Hugo Coelho, 41 anos, técnico de iluminação, não tem dúvidas de que este seria "um ano ótimo quer ao nível dos eventos quer dos concertos". Se tudo tivesse corrido normalmente, neste momento estaria em plena época alta. "Seria a época em que dormimos três horas por noite, acordamos todos os dias numa cidade diferente e não paramos. Esta é uma profissão muito exigente - além de serem necessárias as valências técnicas, isto é um trabalho que exige muito investimento a nível pessoal e familiar, trabalhamos muitas horas, à noite, aos fins de semana, temos de estar disponíveis para viajar de um lado para o outro." Em vez disso, está praticamente parado. Hugo Coelho teve dois espetáculos em junho, outros dois em julho e provavelmente terá cinco em agosto (normalmente faria 15 a 18 eventos) - "E sou um privilegiado, porque a maior parte dos meus colegas não tem nada."
"Nós vivemos desde março com a esperança de que seria só até maio e que depois em junho as coisas iam reabrir, ainda que com constrangimentos, mas o problema é que já percebemos que a nossa área não retomou a sua atividade. E já é agosto. Não estão a dar confiança às pessoas para voltar a fazer eventos. Nós não queremos subsídios, queremos condições para trabalhar", diz este técnico, que tem uma empresa com mais dois sócios.
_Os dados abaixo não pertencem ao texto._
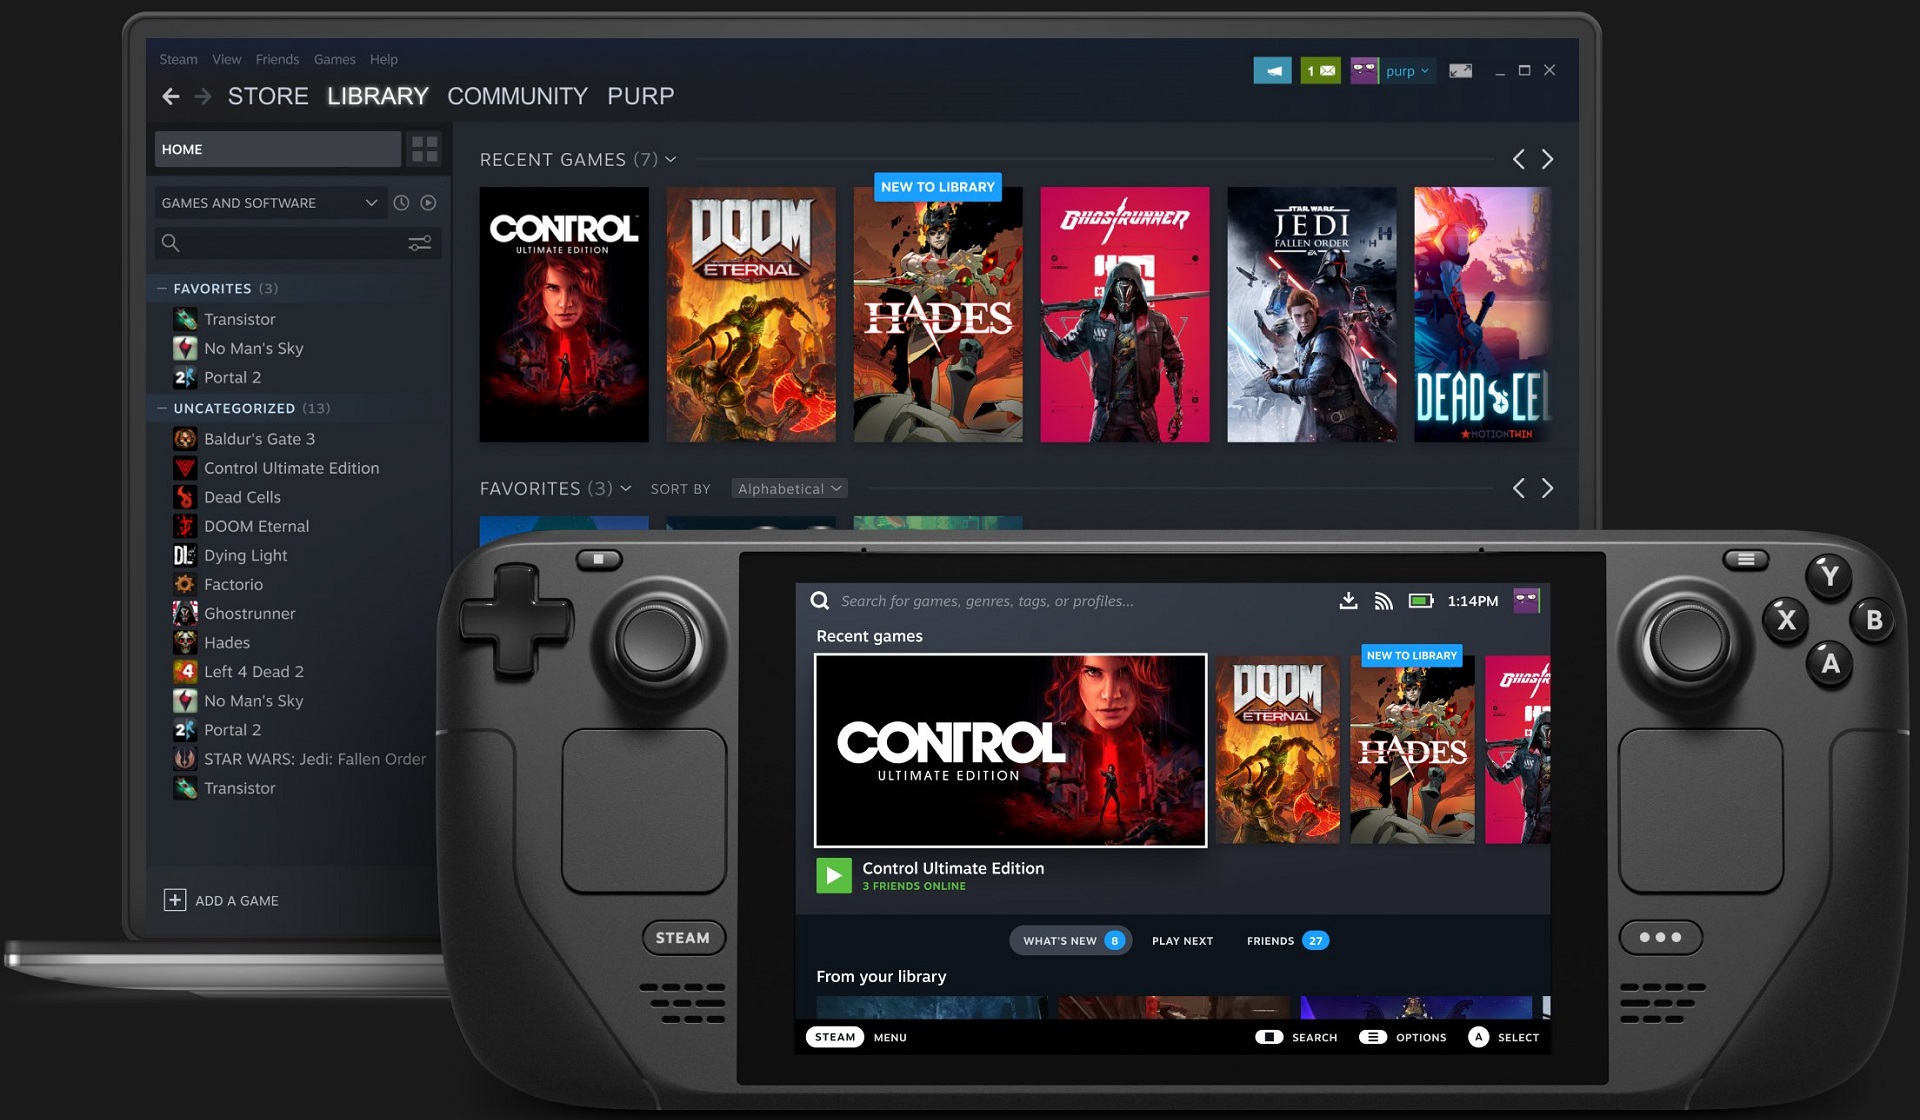 How to use the Steam Deck as a game emulator - Reviewed

As queixas são transversais. "Não temos qualquer ideia de quando é que nos deixam recomeçar, não sabemos o que nos vai acontecer", diz Eduardo Cunha. "Este [a manifestação] vai ser o meu primeiro evento e não é remunerado, depois só tenho o Bairro em Festa, no Intendente, que começa a 17 de agosto. Tenho 30 anos de experiência e, apesar de tudo, consigo aguentar-me ainda durante algum tempo, mas há pessoas que estão a passar dificuldades, sobretudo as mais novas que ainda não têm trabalhos fixos, são freelancers que estão dependentes do trabalho do mês para levar comida para casa", alerta. Esses estão certamente já com grandes dificuldades. "Temo-nos ajudado uns aos outros, procuramos saber sempre como está a malta." Mas a partir de um certo momento isso já não chega, são necessárias outras medidas, dizem.
"Nós somos invisíveis, mas estamos sempre por trás dos artistas. Somos nós que trabalhamos para que os artistas possam brilhar", diz Pedro Magalhães. Agora é o momento de se tornarem visíveis.